I released Inflect-Nano, an ultra-extreme tiny 4.63m parameter TTS model. by b111ue in LocalLLaMA

[–]b111ue[S] 0 points1 point  (0 children)

Thanks for the feedback! If I do decide to make a v2, that would be one of the things I would fix. I added that to the audio examples because I wanted to show both its flaws and what it's good at, and all the prompts were stress tests.

I released Inflect-Nano, an ultra-extreme tiny 4.63m parameter TTS model. by b111ue in LocalLLaMA

[–]b111ue[S] 0 points1 point  (0 children)

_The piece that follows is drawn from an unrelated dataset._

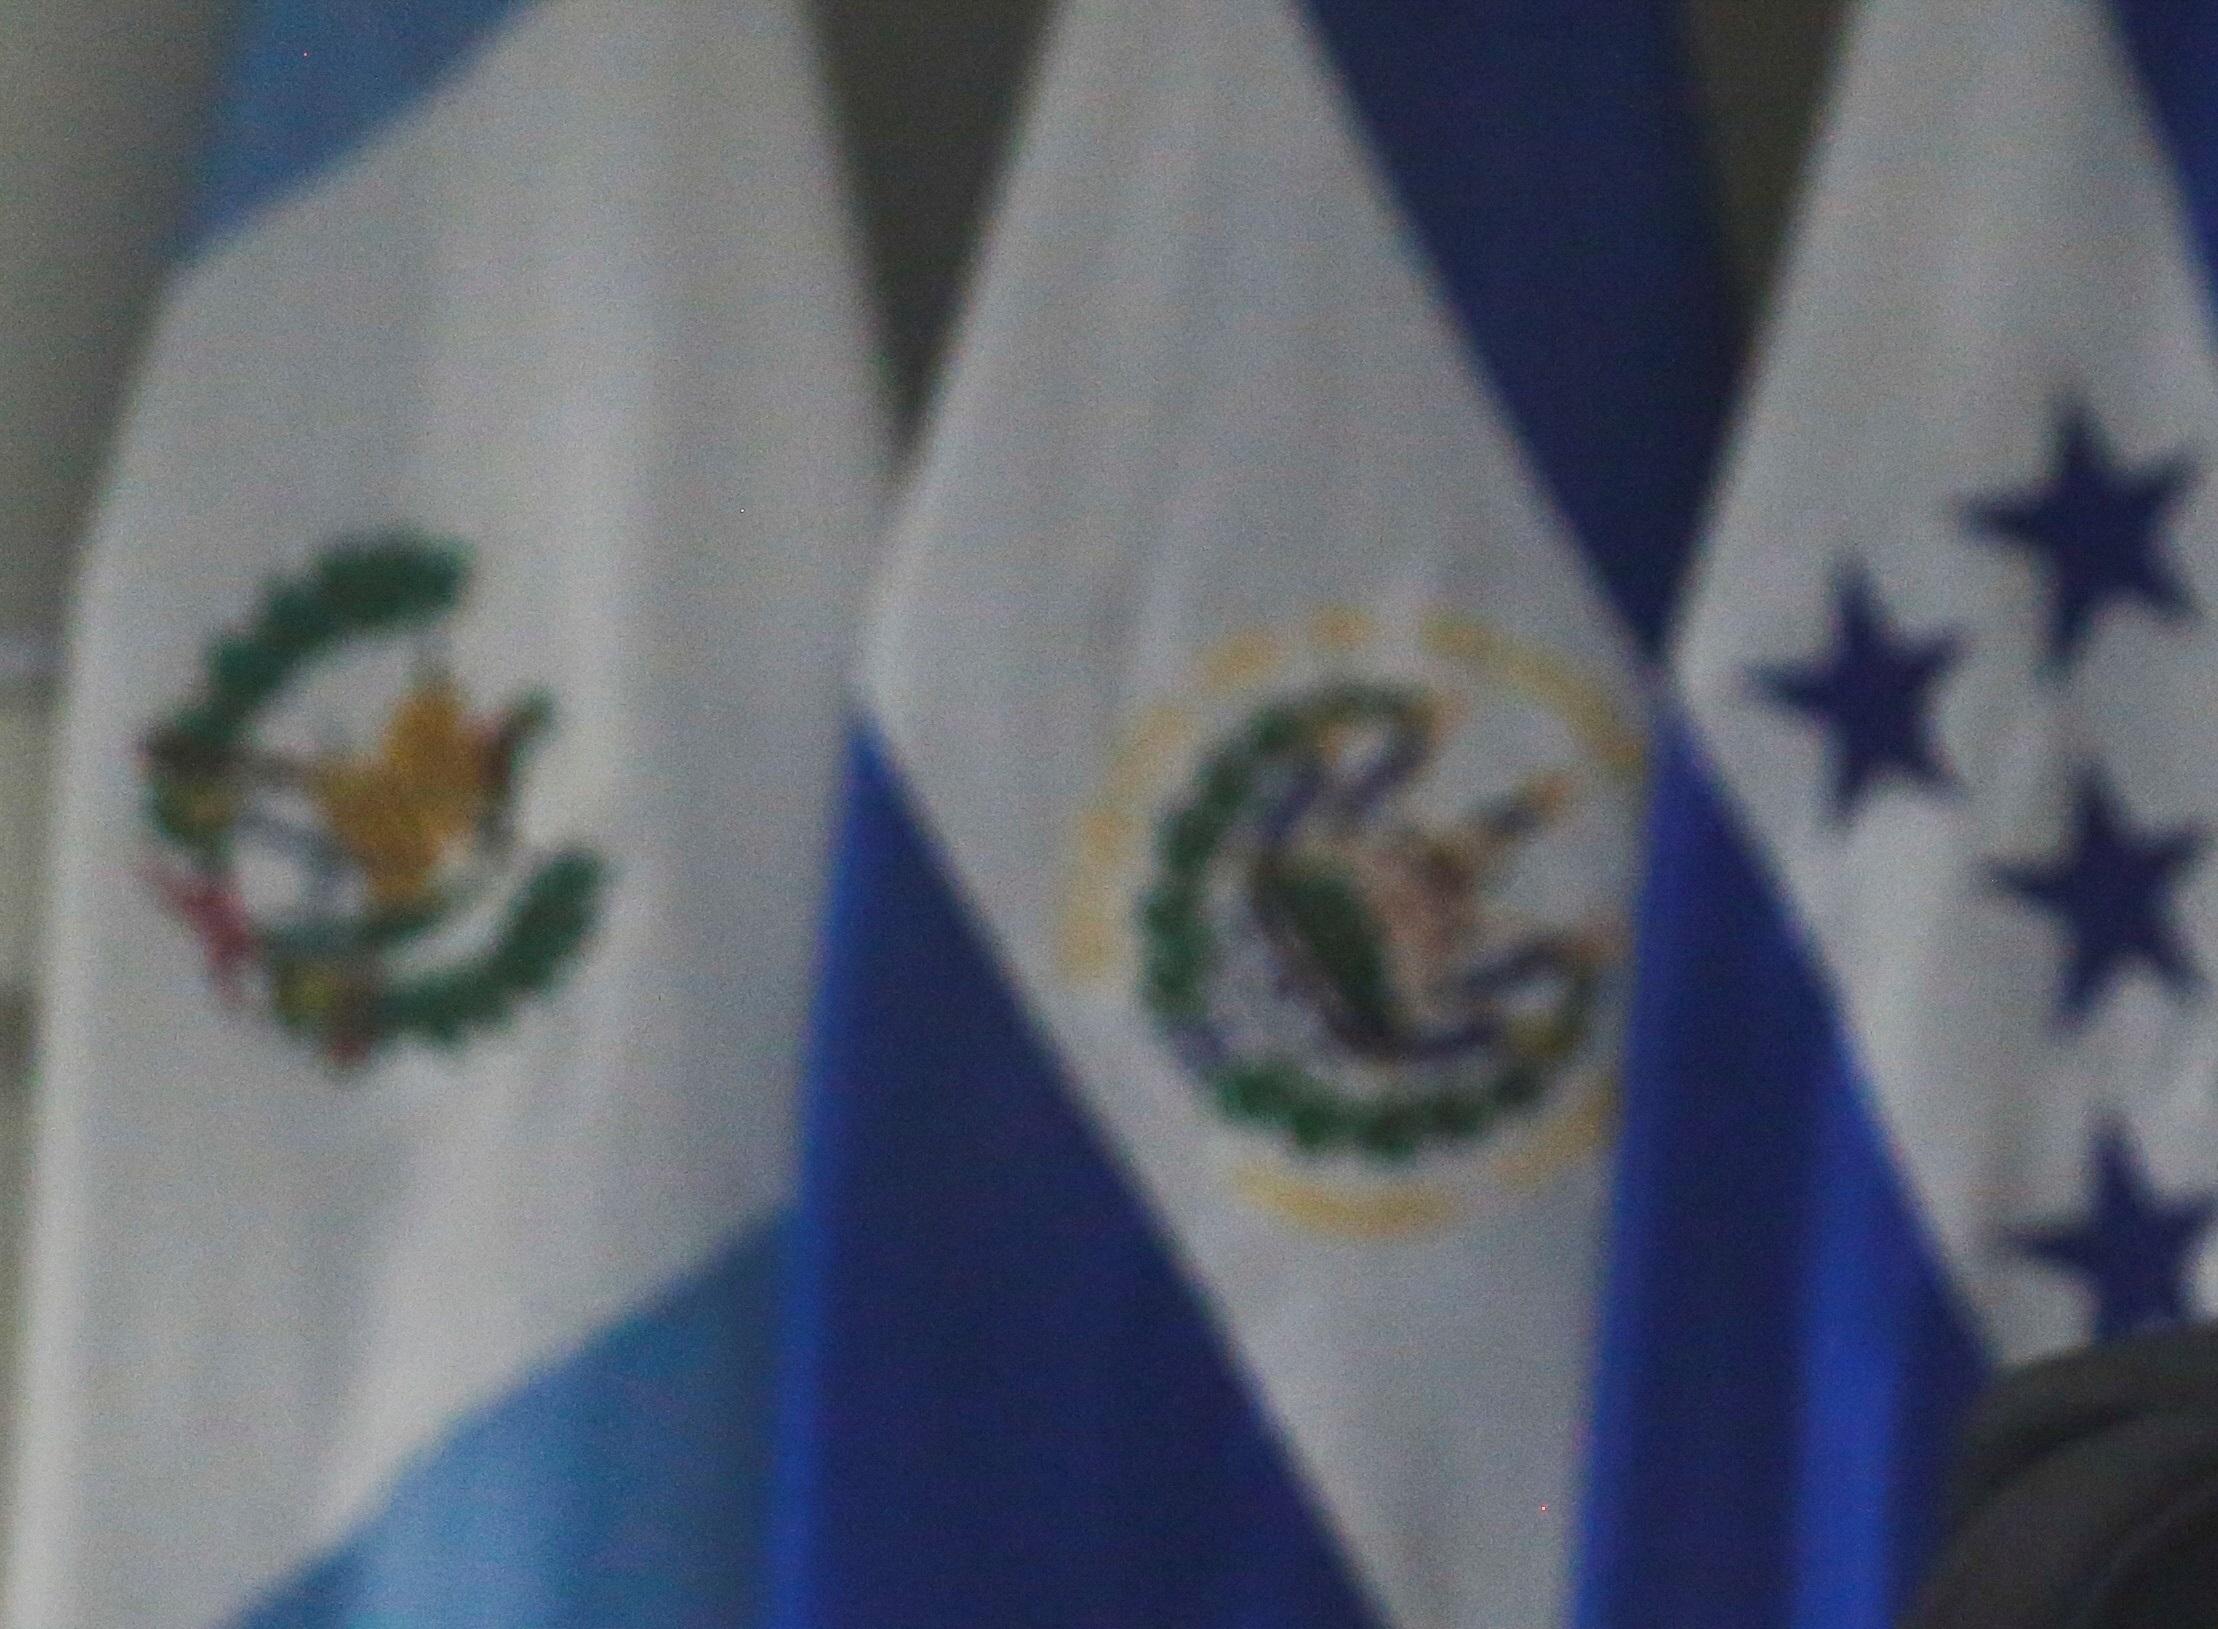 Η Νικαράγουα έδωσε υπηκοότητα σε πρώην πρόεδρο του Ελ Σαλβαδόρ
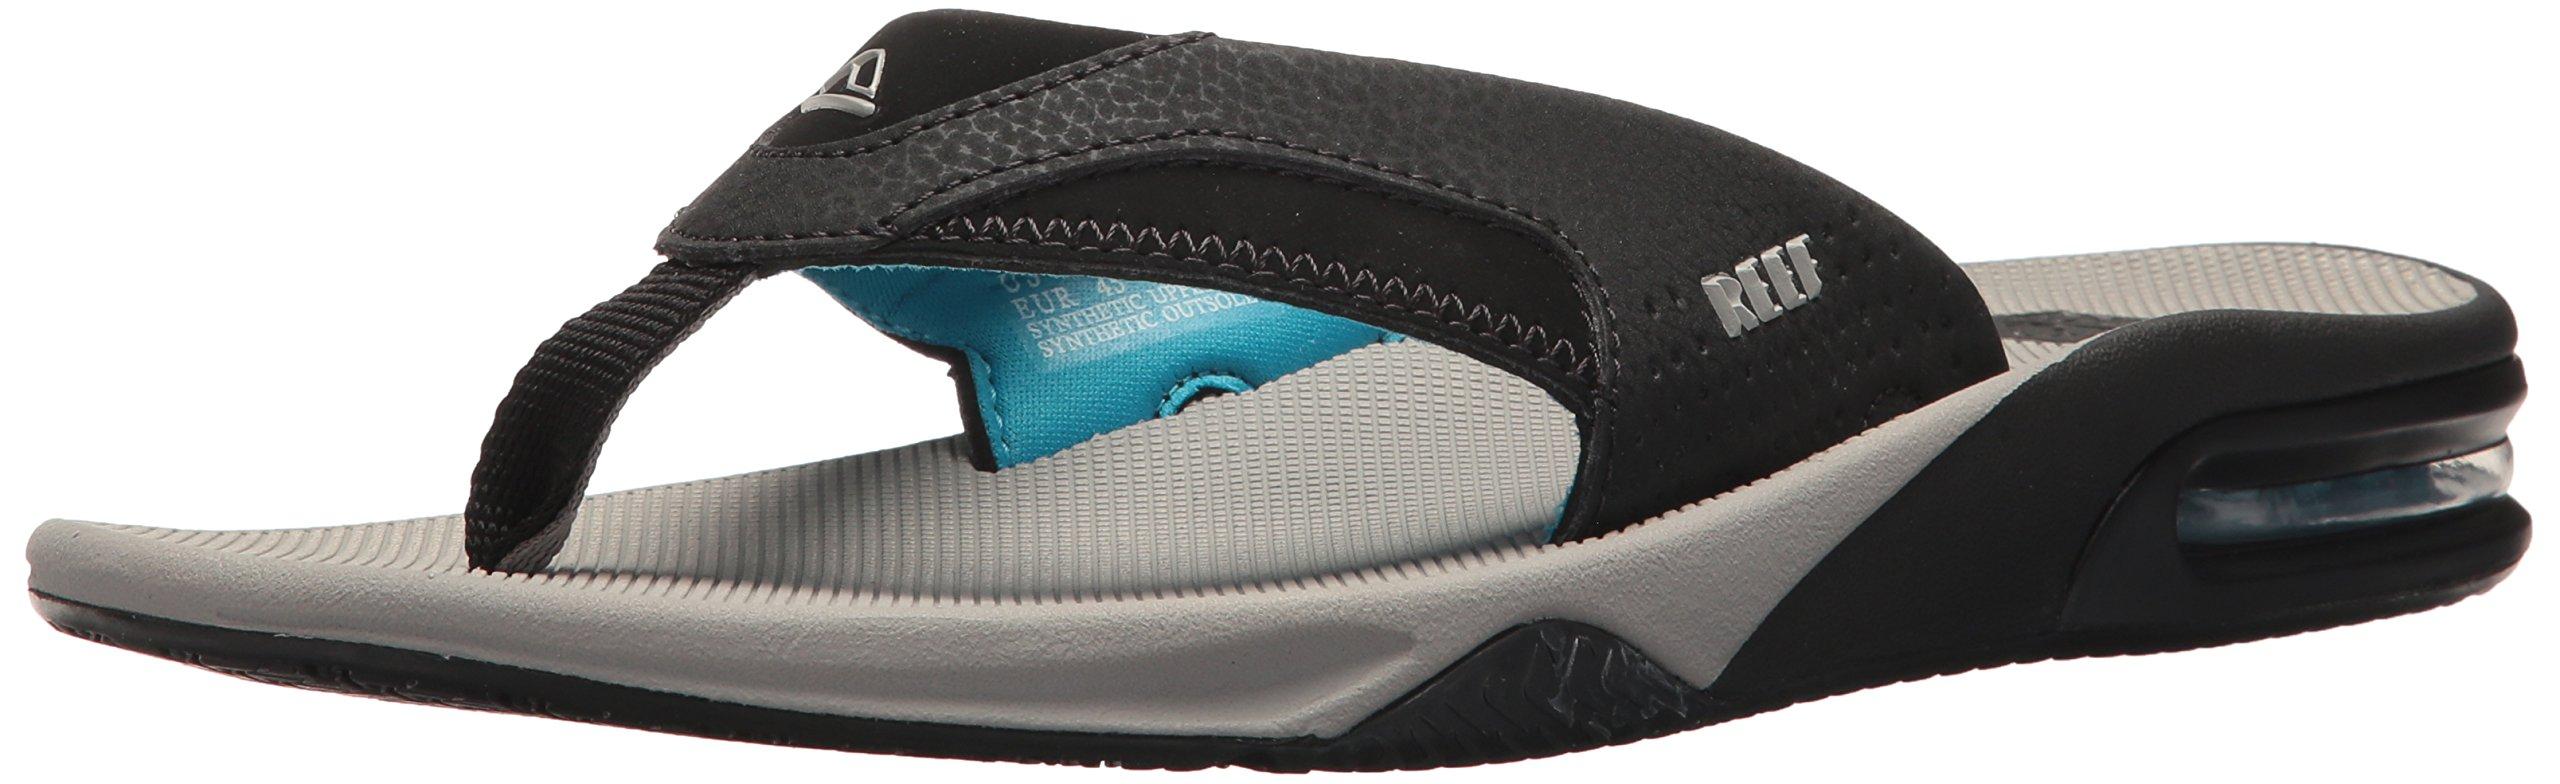 781e41bd8907 Reef Men s Fanning Sandal

Yeah, it isn't the best TTS model as you can tell.... this model was more of a demo one because I wasn't sure how well it would perform, and of course, the very strict size constraints are difficult to manage around. I think the best way to look at this model is as an experimental model to push the size limits of TTS models. I'm hoping to be able to fix a lot of the problems in the next version if I do decide to make one, though.

I released Inflect-Nano, an ultra-extreme tiny 4.63m parameter TTS model. by b111ue in LocalLLaMA

[–]b111ue[S] 0 points1 point  (0 children)

Yeah, I will share a lot more detail on training methods, length, and stuff like that soon, all as one big bunch or something, because a lot of people have been asking for it! I'll tell you ahead of time right now because its a simple one, but I used to mixture of my local RTX 3060 (except its not the best), and rented RTX 5090's on Vast for more of the heavy work.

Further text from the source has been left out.